A look at how the fun side of AI lit the fuse of the latest tech boom.

An illustration of a person running on a treadmill.

This is the time of the AI tech boom.

The AI market is currently $241.8 billion according to Statista. For scale, that means AI already dwarfs Statista's estimated size for the global movie industry — $79.22 billion — and puts it neck-and-neck with the video game industry at $282.30 billion.

Since the auspicious November 2022 day which saw OpenAI unleash ChatGPT on the masses, AI products have been in the hands of consumers as both tools and toys. These products have sparked an entire era of tech that is even forcing Apple to say "AI," but the speed of this boom was propelled by waves of imperfect tools being honed in the public eye with varying degrees of success.

AI critics are rightly hard on the current crop of AI tech for its tendency to hallucinate or otherwise screw up. Ed Zitron, for instance, has dismissed the AI hype machine as "the theoretical promises of any number of monotonous billionaires that want to turn every website into fuel for a machine that continually gets things wrong." That's more or less fair, and I'm with Zitron that the public should demand more and better from this tech.

But something that always bears keeping in mind is that AI's errors and odd responses are super fun, and that under-stated fact has created a giant game environment where everyone with an interest in tech is playing.

Some of this "gaming" is literal, and these games lay out the basic framework of the broader, global game. For instance, I'm addicted to a literal AI game created by Google called "Say What You See." In this game — possibly intended more as "demo" than "game" — a little cartoon brain mascot prompts the player with AI-generated images, which must then be described in 120 characters or less. That description is then fed back into the image generator, and if the new generation is a plausible replica of the original, you get a passing score. It's a sort of visual, AI-mediated game of telephone.

The rules of "Say What You See" are kindergarten simple — the title contains all the instructions you need to play — and yet, it gets demonically hard very quickly as it goes along, forcing the player to dig deep in their brain for words typically used to describe objects of beauty and transcendence, and cram them into a cold, emotionless machine.

It goes like this: You're shown an object you might call a "little brown horse" if you saw one on a shelf. But the prompt "little brown horse" will produce nothing close to the image you need.
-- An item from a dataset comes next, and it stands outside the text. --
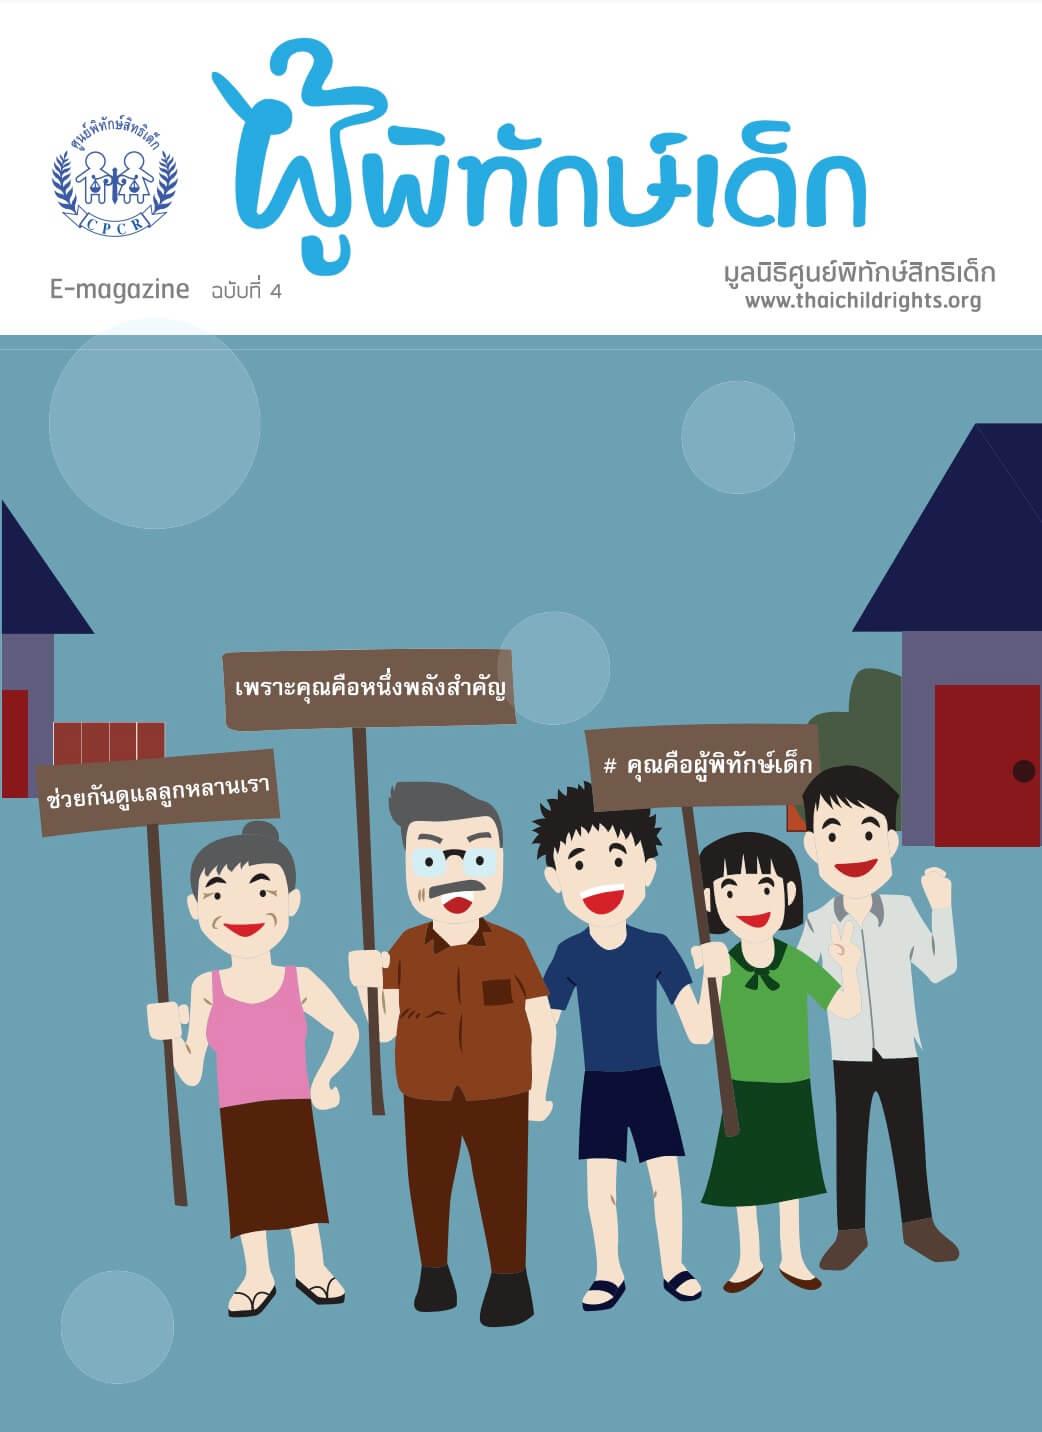 E-magazine ฉบับที่ 4 #คุณคือผู้พิทักษ์เด็ก

So your thought process starts to resemble the following: Is that a "wooden horse figurine on a wooden stand, depicted walking?" Is it actually loping? Technically is it tölting? I think it might be tölting, but does the robot need me to be that pedantic? Would the AI respond better to "statuette" than "figurine?" It did! Wtf? Why? Etc, etc...

Why do I find this game of trial and error fun rather than frustrating? After all, practical AI is perceived by its critics as dreary and designed to make us better worker bees, and to an extent, that perception is accurate. Having fun with AI should theoretically be hard, but fun isn't something occasionally shoehorned into AI.

In fact, a form of gamification has always been front and center in AI's development, and it's been the secret to AI's viral success.

The AI game's Nintendo origins

Way back in 2013, computer scientist and YouTuber Tom Murphy VII, a.k.a., Tom7, a.k.a., suckerpinch, published a paper called "The First Level of Super Mario Bros. is Easy with Lexicographic Orderings and Time Travel . . . after that it gets a little tricky." In it he showcased the use of classic Nintendo games as a benchmark for the AI agents of the time. Another way of putting this would be he made computers play retro video games. Forcing these systems through a game over and over, Murphy demonstrated, can allow researchers to glimpse the capabilities and limitations of their systems.

It was far from the first time AI and games were combined (famous examples abound of scientists using computers to hack games like chess and go), but it's an example of what I call AI gamification that helped set the tone for the current crop of uncanny, consumer-oriented AI applications.

Strictly speaking, the term "gamification" means ordering specific goals into a game structure, perhaps in order to make onerous activities more attractive, or to make social media apps more addictive. But the definition of gamification when it comes to AI should be expanded to include the tendency of a piece of tech to constantly turn into a game accidentally. Tom7 was using a computer system to play a game, but he was also gamifying his computer system — discovering the hilarious and mind-expanding trial and error game we're all playing nine years later.

As Tom7 explained in the YouTube video released with his paper: winning has to be defined numerically if you want it to be automated, which means it won't necessarily look like anything recognizable as "playing" or "fun."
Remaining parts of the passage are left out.